4426450 1475484 1475484


In [6]:
# Function for encoding features with some dictionary
def encode_with_map(mapping, x):
    if x in mapping:
        return mapping[x]
    return -1

In [7]:
# Mapping msno to idx and vise-versa
idx_to_mnso = {}
msno_to_idx = {}

for idx, msno in enumerate(members_data['msno'].unique()):
    idx_to_mnso[idx] = msno
    msno_to_idx[msno] = idx

In [8]:
members_data['msno'] = members_data['msno'].apply(lambda x: encode_with_map(msno_to_idx, x))
train['msno'] = train['msno'].apply(lambda x: encode_with_map(msno_to_idx, x))
test['msno'] = test['msno'].apply(lambda x: encode_with_map(msno_to_idx, x))
val['msno'] = val['msno'].apply(lambda x: encode_with_map(msno_to_idx, x))

In [9]:
# Mapping song_id to idx and vise-versa
idx_to_song = {}
song_to_idx = {}

for idx, s_id in enumerate(songs_data['song_id'].unique()):
    idx_to_song[idx] = s_id
    song_to_idx[s_id] = idx

In [10]:
# Encoding with mapping
songs_data['song_id'] = songs_data['song_id'].apply(lambda x: encode_with_map(song_to_idx, x))
train['song_id'] = train['song_id'].apply(lambda x: encode_with_map(song_to_idx, x))
test['song_id'] = test['song_id'].apply(lambda x: encode_with_map(song_to_idx, x))
val['song_id'] = val['song_id'].apply(lambda x: encode_with_map(song_to_idx, x))

## Заполняем NaN в данных

In [11]:
source_system_tab_imputer = SimpleImputer(missing_values=np.nan, strategy='most_frequent')

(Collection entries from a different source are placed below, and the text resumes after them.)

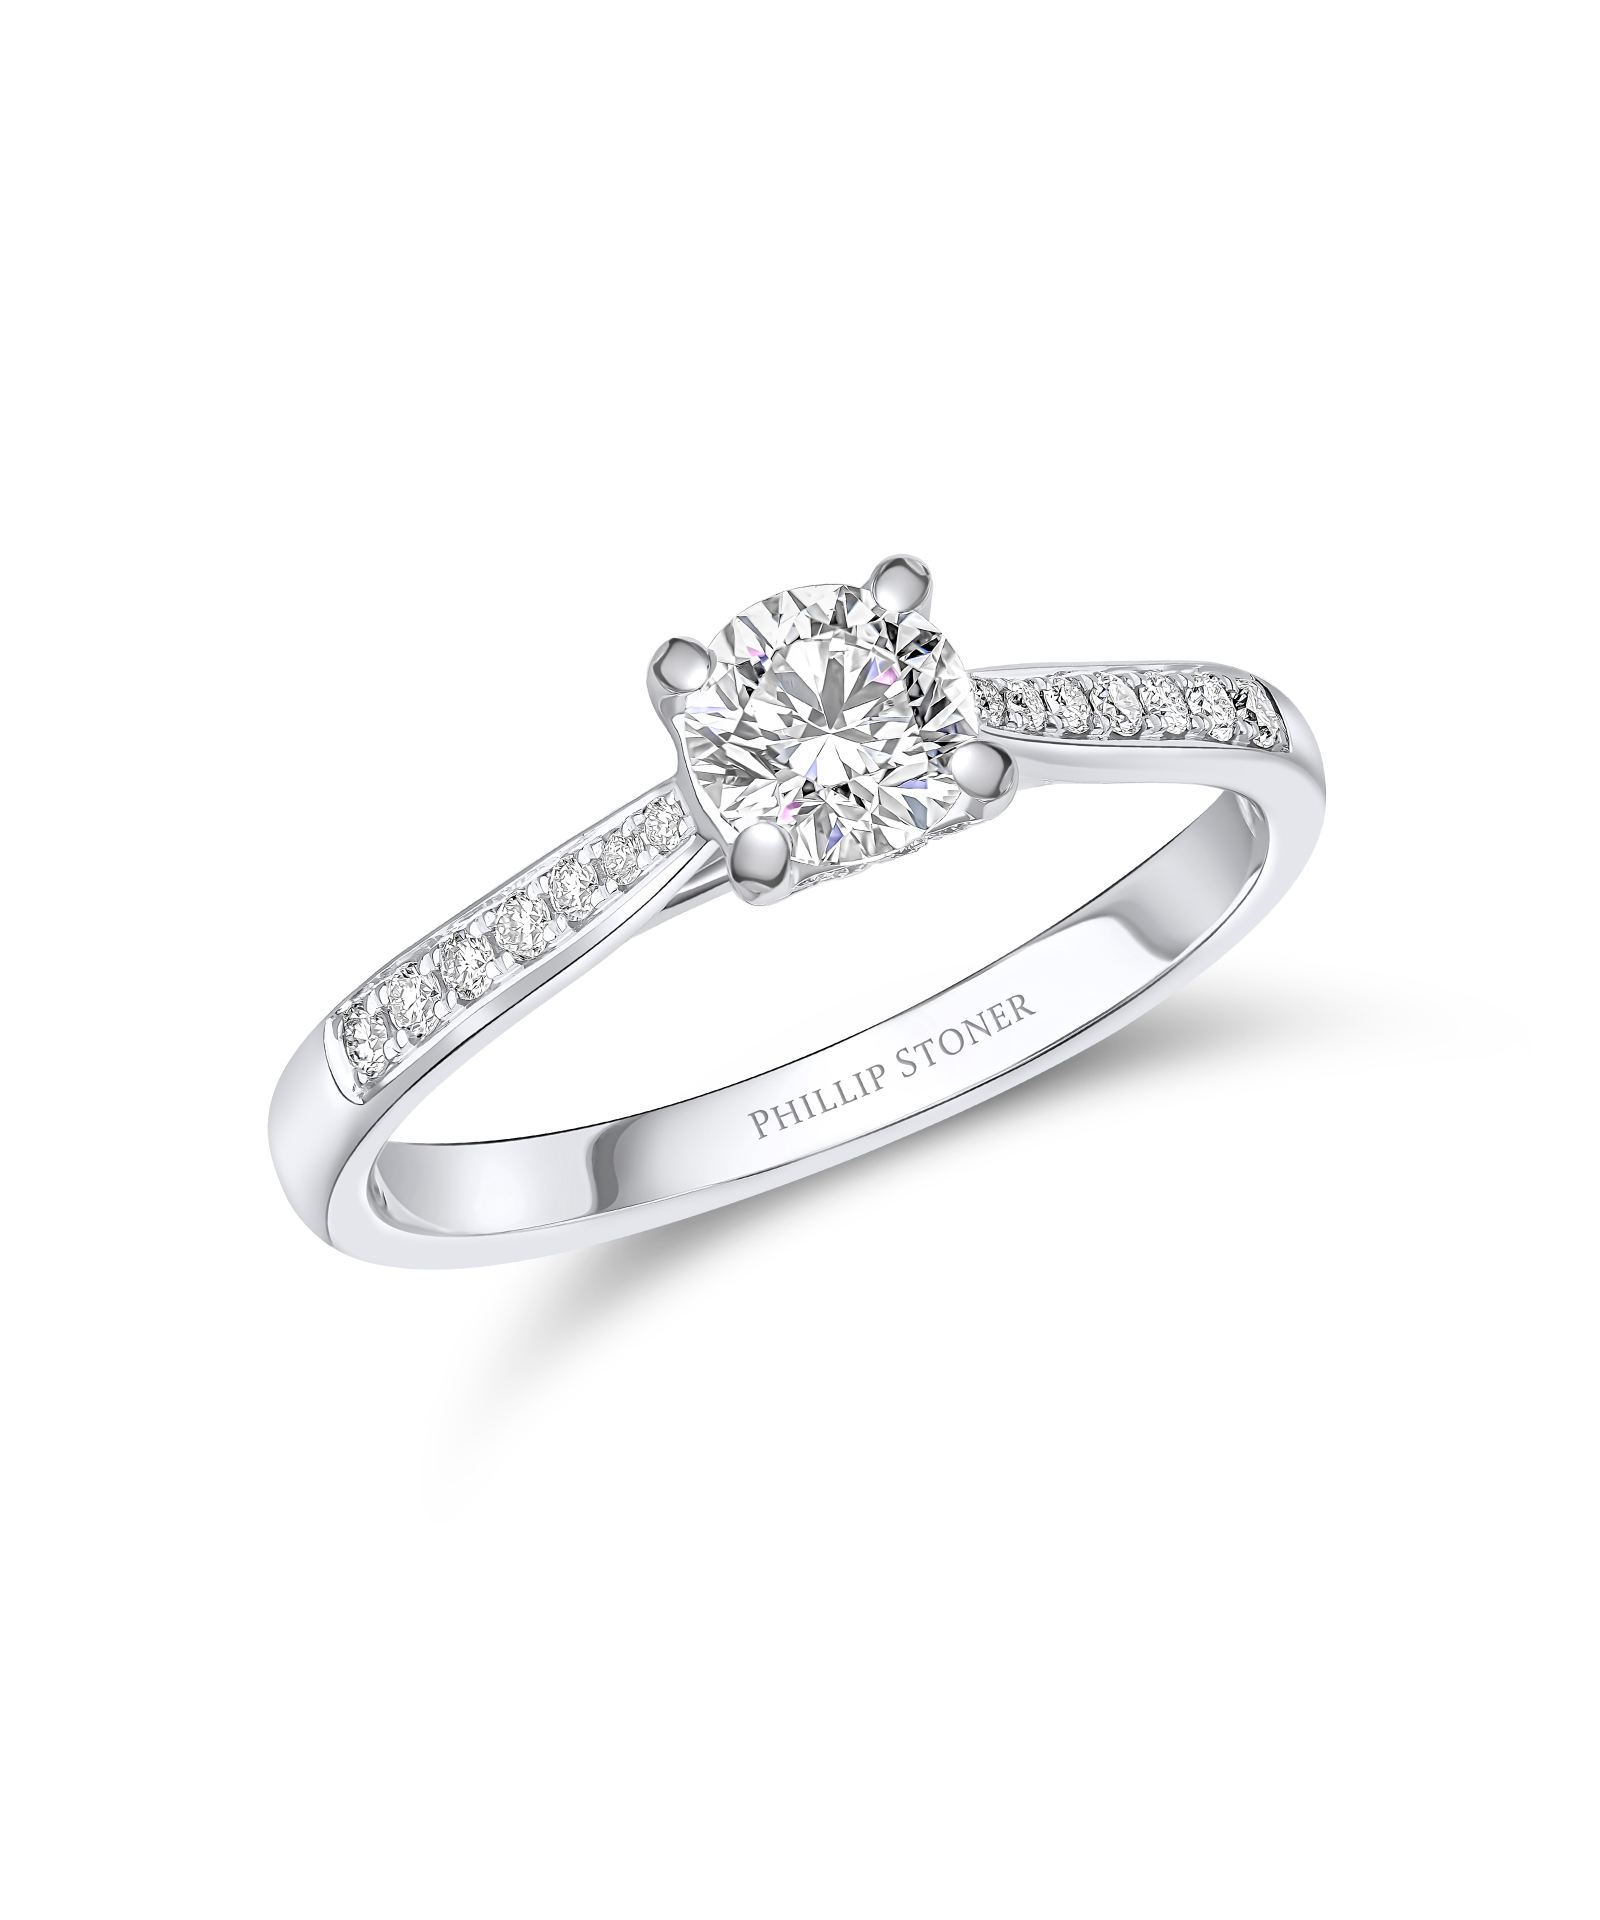 0.50ct Round Brilliant Diamond Engagement Ring with Pavé Set Shoulders - Phillip Stoner The Jeweller
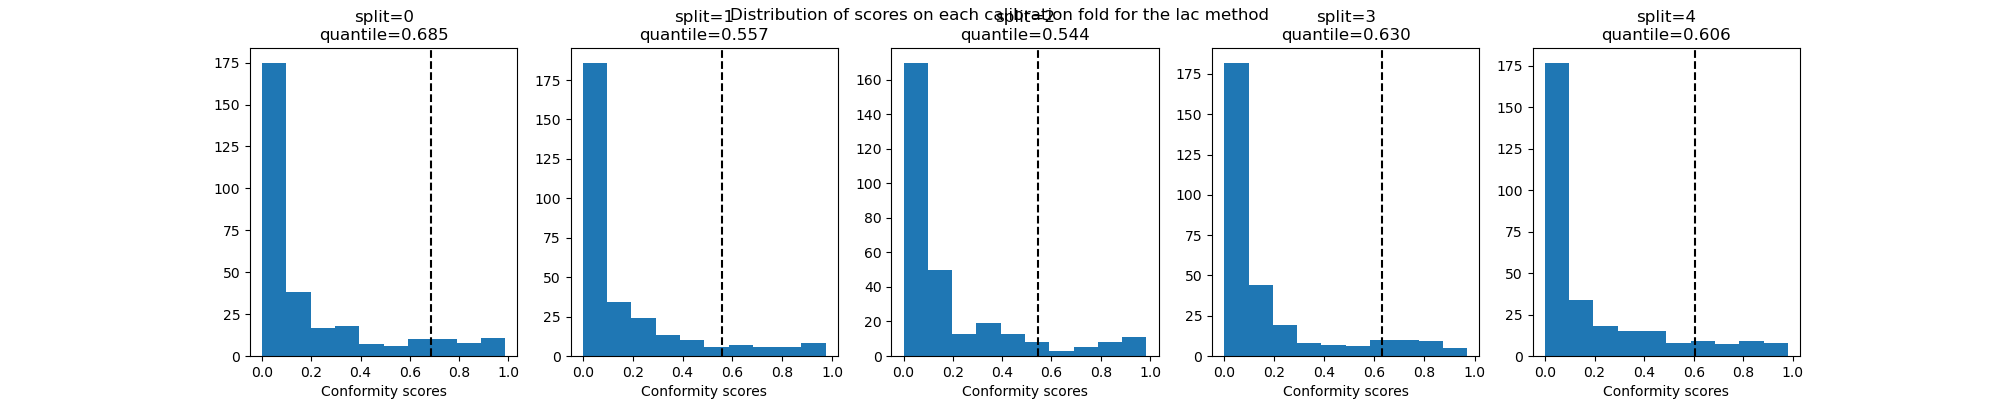 Distribution of scores on each calibration fold for the lac method, split=0 quantile=0.685, split=1 quantile=0.557, split=2 quantile=0.544, split=3 quantile=0.630, split=4 quantile=0.606
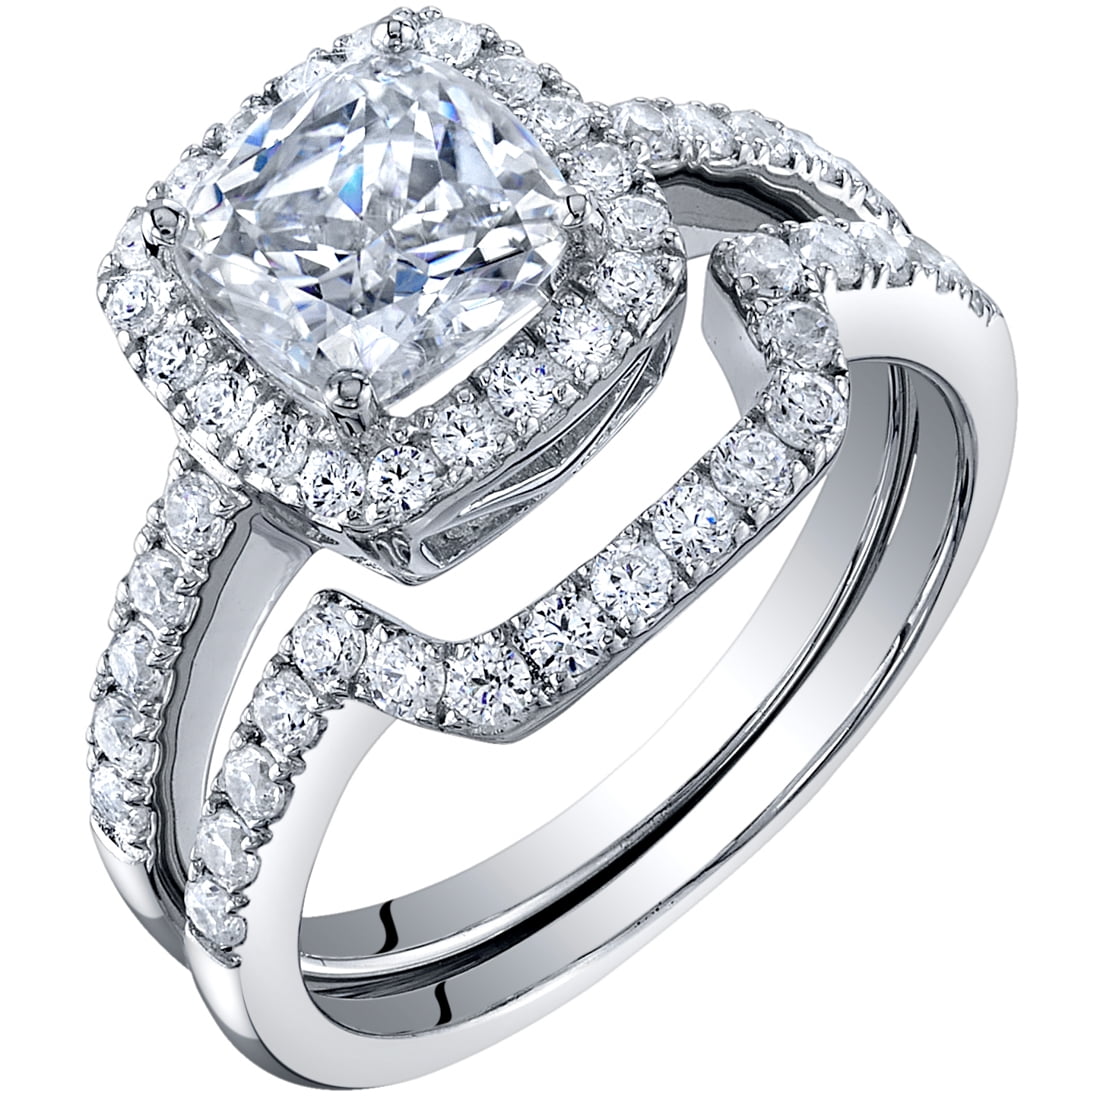 INTRICATE 4 CT Princess Cut Cubic Zirconia Bridal Engagement Wedding Ring SIZE 7 
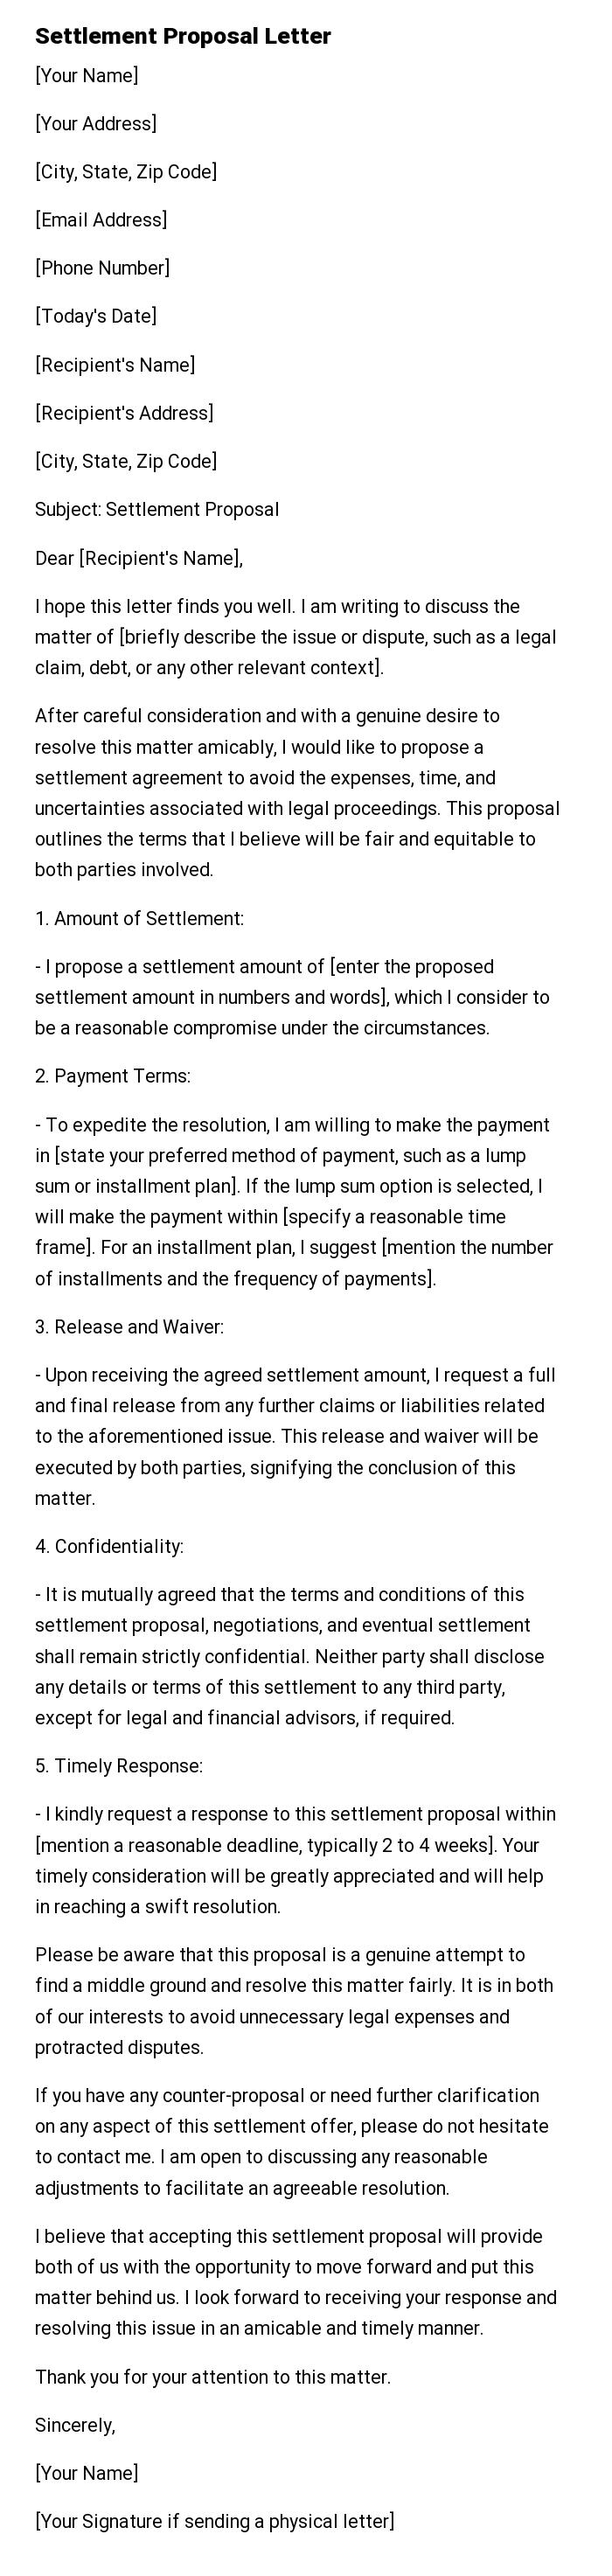 Settlement Proposal Letter

train['source_system_tab'] = source_system_tab_imputer.fit_transform(train[['source_system_tab']])
val['source_system_tab'] = source_system_tab_imputer.transform(val[['source_system_tab']])
test['source_system_tab'] = source_system_tab_imputer.transform(test[['source_system_tab']])

In [12]:
source_screen_name_imputer = SimpleImputer(missing_values=np.nan, strategy='most_frequent')

train['source_screen_name'] = source_screen_name_imputer.fit_transform(train[['source_screen_name']])
val['source_screen_name'] = source_screen_name_imputer.transform(val[['source_screen_name']])
test['source_screen_name'] = source_screen_name_imputer.transform(test[['source_screen_name']])

In [13]:
source_type_imputer = SimpleImputer(missing_values=np.nan, strategy='most_frequent')

train['source_type'] = source_type_imputer.fit_transform(train[['source_type']])
val['source_type'] = source_type_imputer.transform(val[['source_type']])
test['source_type'] = source_type_imputer.transform(test[['source_type']])

In [14]:
# Map NaN in gender to underfiend
members_data['gender'] = members_data['gender'].apply(lambda x: 'undefiend' if x is np.nan else x)

In [15]:
# Подразумеваю, что возраст меньше 10 не пользуется приложением для музыки (больше 100 явно выброс)
# Возраст энкодим так:
#    outlier (<10 or >100) -> 0
#    10-17    -> 1
#    18-29   -> 2
#    30-50   -> 3
#    51+     -> 4

def encode_bd(x):
    if x < 10 or x > 100:
        return 0
    if x >= 10 and x < 18:
        return 1
    if x >= 18 and x < 29:
        return 2
    if x >= 30 and x < 50:
        return 3
    return 4

members_data['bd'] = members_data['bd'].apply(encode_bd)

In [16]:
members_data

Unnamed: 0,msno,city,bd,gender,registered_via,registration_init_time,expiration_date
0,0,1,0,undefiend,7,20110820,20170920
1,1,1,0,undefiend,7,20150628,20170622
2,2,1,0,undefiend,4,20160411,20170712
3,3,1,0,undefiend,9,20150906,20150907
4,4,1,0,undefiend,4,20170126,20170613
...,...,...,...,...,...,...,...
34398,34398,1,0,undefiend,7,20131111,20170910
34399,34399,4,2,male,3,20141024,20170518
34400,34400,1,0,undefiend,7,20130802,20170908
34401,34401,1,0,undefiend,7,20151020,20170920


In [17]:
train

Unnamed: 0,msno,song_id,source_system_tab,source_screen_name,source_type,target
0,21893,1391177,explore,Explore,online-playlist,1
1,26052,1584026,my library,Local playlist more,local-playlist,1
2,26052,456722,my library,Local playlist more,local-playlist,1
3,26052,1072225,my library,Local playlist more,local-playlist,1
4,21893,518476,explore,Explore,online-playlist,1
...,...,...,...,...,...,...
4426445,6976,28167,discover,Local playlist more,local-library,1
4426446,6976,136481,discover,Discover New,online-playlist,1
4426447,6976,143359,discover,Discover New,online-playlist,1
4426448,21998,564633,discover,Local playlist more,top-hits-for-artist,0


In [18]:
# NaN language map to -1 (can be case with no lyrics also)
songs_data['language'][songs_data['language'].isna()] = -1
songs_data['language'] = songs_data['language'].apply(int)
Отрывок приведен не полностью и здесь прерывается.